- Born: Stephen G. Perlman
- Education: Columbia University (BA)
- Occupations: Electronic engineer and software inventor and entrepreneur
- Known for: QuickTime, WebTV, pCell, OnLive, Mova

= Steve Perlman (entrepreneur) =

Entrepreneur

Stephen G. "Steve" Perlman is an entrepreneur and inventor of Internet, entertainment, multimedia, consumer electronics and communications technologies and services. He is best known for the development of QuickTime, WebTV, OnLive, pCell and Mova Contour facial capture technologies. In addition to founding startup companies, Perlman was a Microsoft division president and a principal scientist at Apple Computer.

While a prolific entrepreneur, his management style has sometimes been called into question.

==Biography==
Perlman built his first computer from a kit during high school in 1976. He designed and built several computers, graphics video systems, modems, displays, audio systems, interface devices and video games, as well as software. He graduated from Columbia University in 1983.

In 1983 and 1984, Perlman designed a parallel-processing graphics system at Atari. At Coleco, Perlman developed a massively-parallel 3D animation chip and a software-based high-speed modem. In 1985 Perlman joined Apple Computer on the development team of some Macintosh multimedia technology including Road pizza, the video codec used by the first version of QuickTime.

In 1990, Perlman left Apple to join General Magic, where he designed its second-generation technology.

In 1994, Perlman cofounded Catapult Entertainment and was its Chief technology officer. Catapult developed XBAND modems for the Sega Genesis and Super Nintendo Entertainment System video game consoles that enabled online features for multiplayer video games.

In 1995, Perlman created, cofounded, and was the chief executive of WebTV Networks. WebTV, introduced in 1996, was one of the earliest products to connect the Internet to television. Less than 2 years after it was founded, WebTV was acquired by Microsoft Corporation for $425 million, and renamed as MSN TV. Microsoft's acquisition of WebTV also brought the teams that created the Microsoft TV platforms, including the hardware for Microsoft's Xbox 360.

Perlman left Microsoft in 1999 to found Rearden Steel, later renamed Rearden, Limited, a business incubator for new companies in media and entertainment technology. In 2001, Rearden Steel raised $67 million in venture funding.
In 2000, Rearden founded Moxi Digital, Inc., which developed a combination digital video recorder, DVD player, digital music jukebox, and television set-top box. Moxi merged with Microsoft founder Paul Allen's Digeo in 2002.

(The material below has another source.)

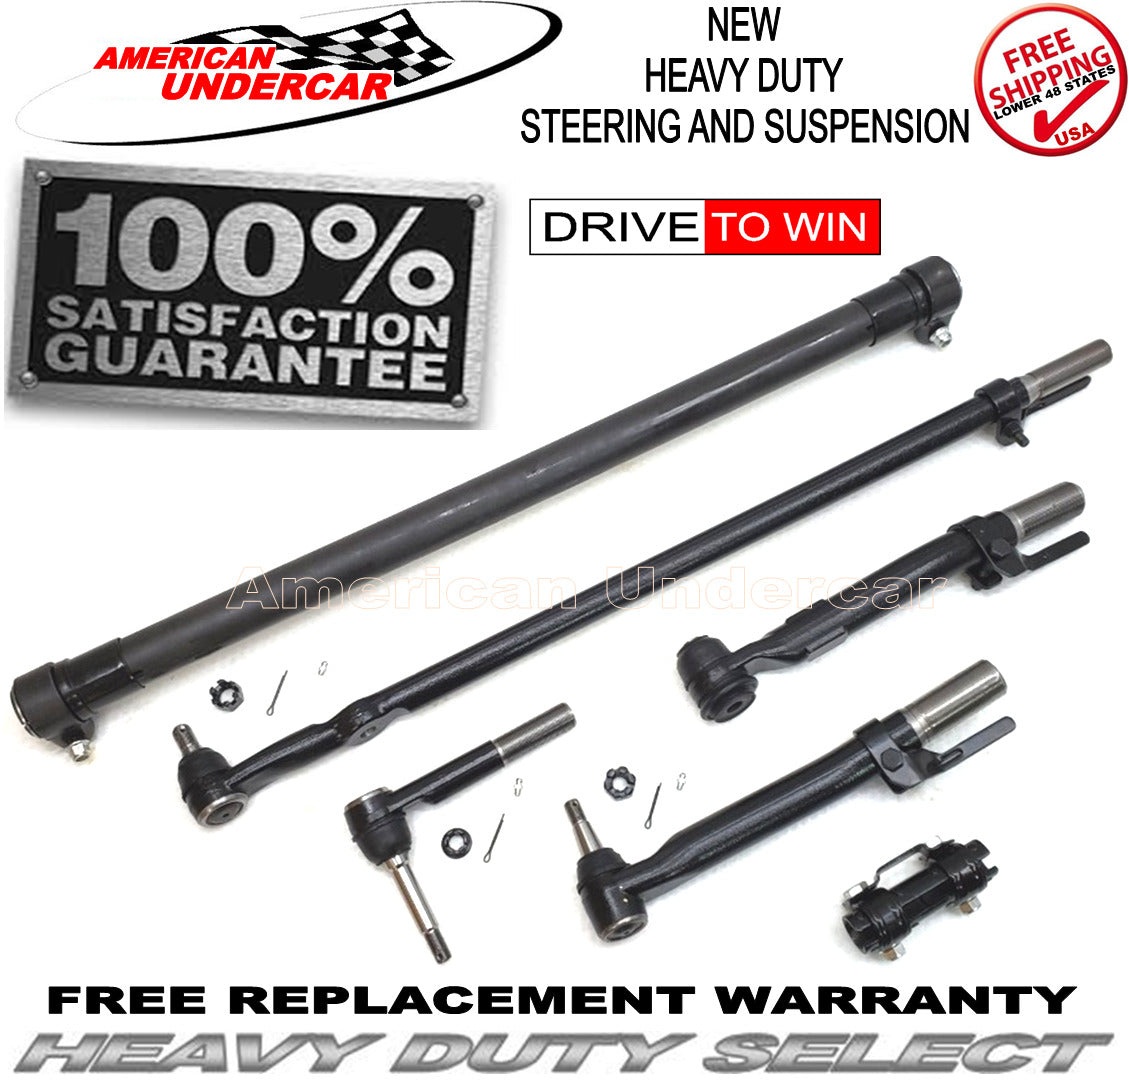 HD Drag Link Tie Rod Sleeve Steering Kit for 2008-2010 Ford F250, F350 4x4
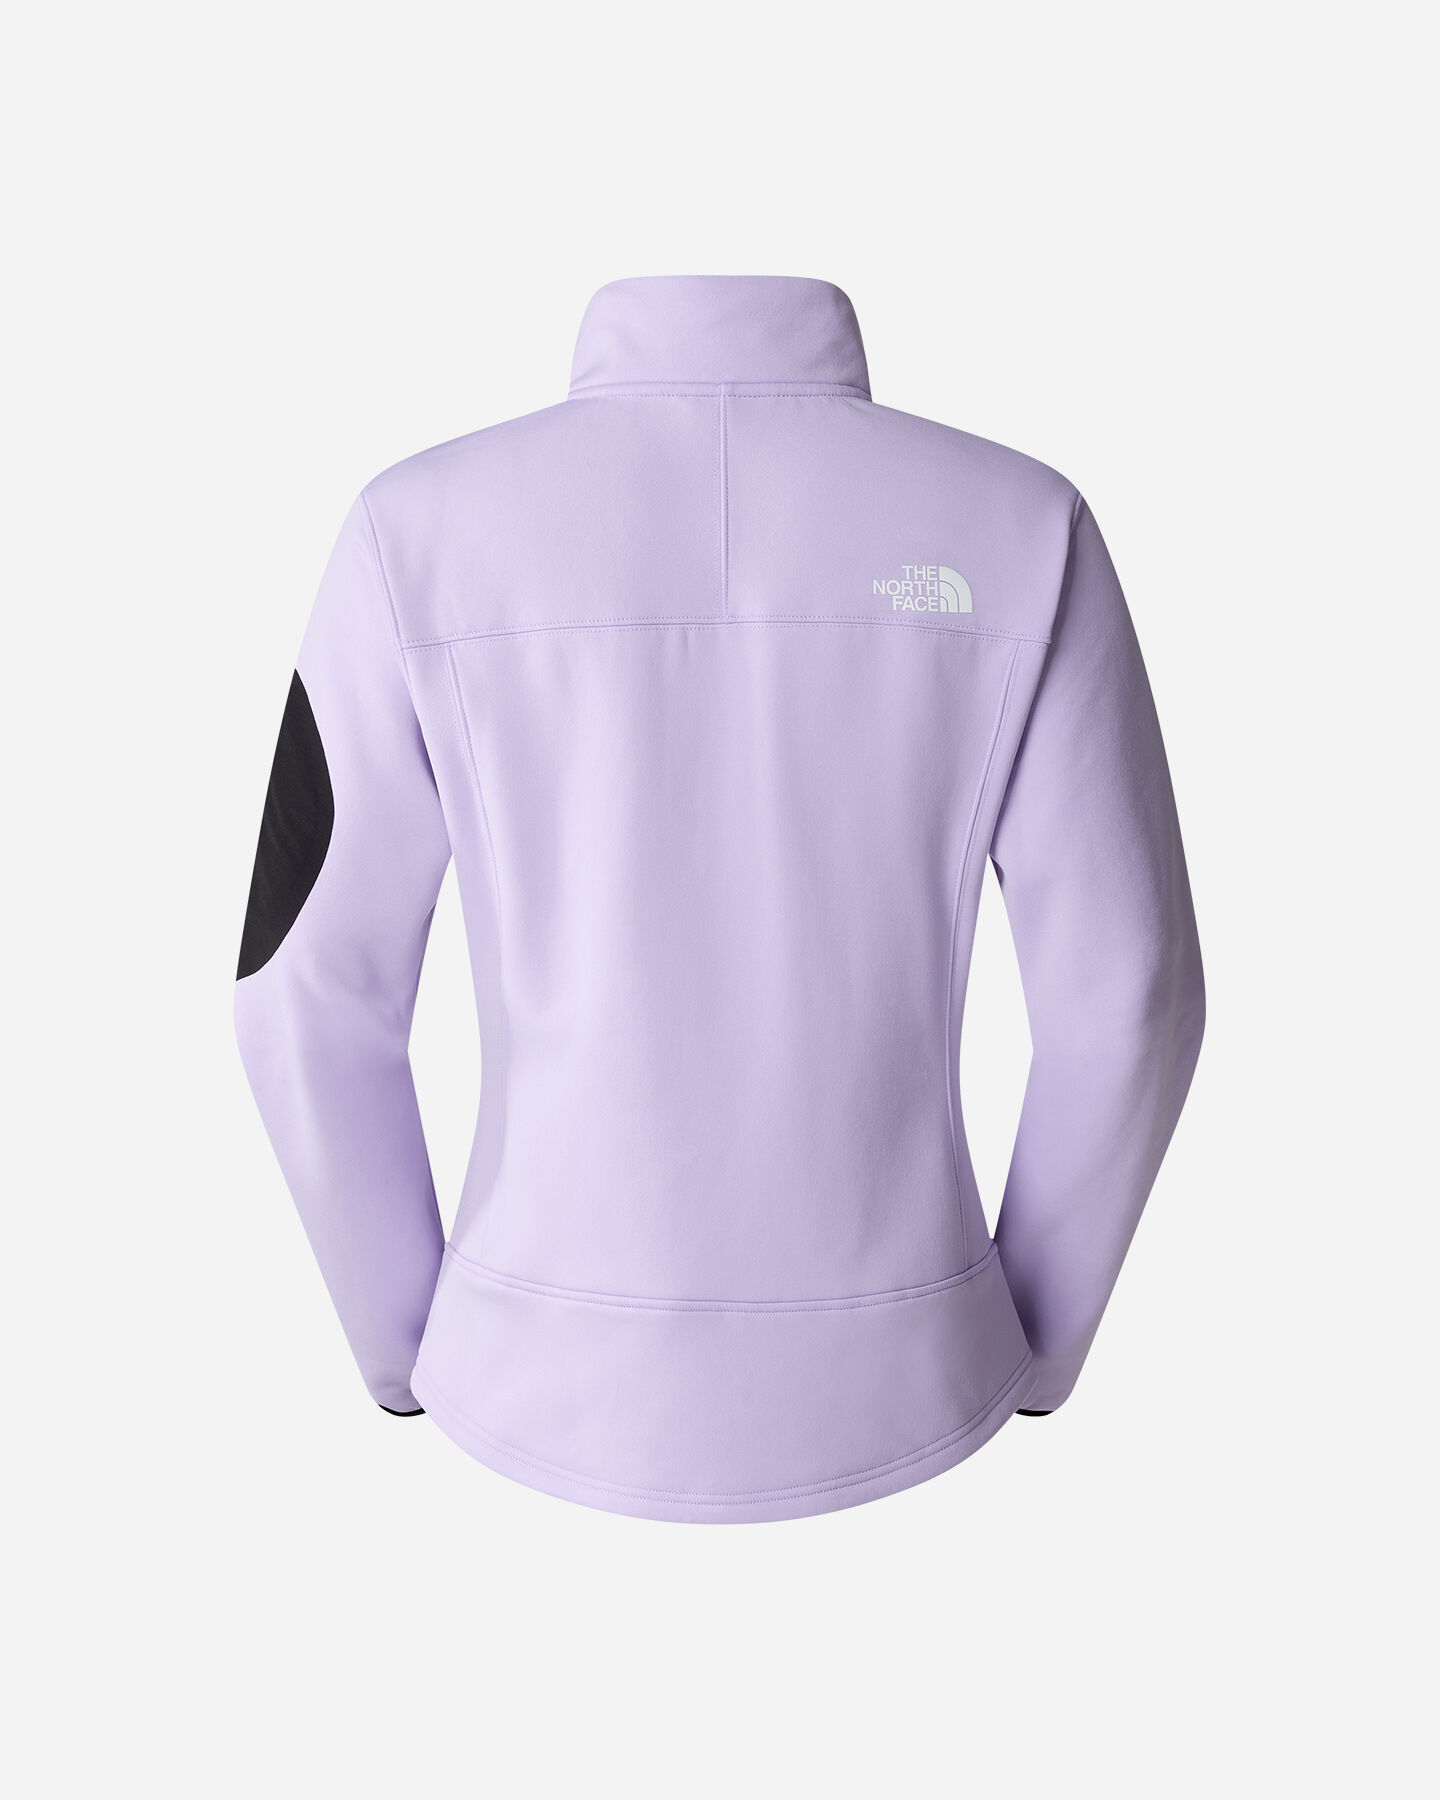  Pile THE NORTH FACE MISTYESCAPE W S5650896|WI2|XS scatto 1

In 2004, Rearden founded MOVA, which was spun off from Rearden in 2007 as an OnLive subsidiary. MOVA offers motion-capture services in the San Francisco Bay Area, with Perlman as its president. In 2006 Perlman unveiled Mova's Contour, a digital multi-camera system that captures and tracks detailed surface data and textures for post-production manipulation. It was used for 3D volumetric shape capture of Brad Pitt's face in the film The Curious Case of Benjamin Button, which received the 2008 Academy Award for Achievement in Visual Effects for the photorealism achieved in computer-generated reverse-aging of Brad Pitt's face.

In 2007, Rearden spun-out OnLive, which in 2009 announced the OnLive on-demand video game service and MicroConsole TV adapter, with Perlman as its president and CEO. The game service started in June, 2010 in the US and September 22, 2011 in the UK. It was initially offered on the PC, Macintosh and TV via OnLive's MicroConsole, and then on other devices. By December 2011, OnLive's catalog had grown to over 30 games, with about 3 games supporting touchscreen control. In August 2012, OnLive filed for bankruptcy and was sold to one of its investors and Perlman left the company under allegations that his ego had prevented a successful exit for the company.

In 2011, Perlman announced that he and colleagues in a company called Artemis Networks invented an experimental wireless communications system. In early 2014, Perlman launched his Distributed-Input-Distributed-Output (DIDO) technology commercially as Artemis Networks's pCell, promising much higher speeds than existing 4G mobile networks are capable of. The company claimed it could also transmit power.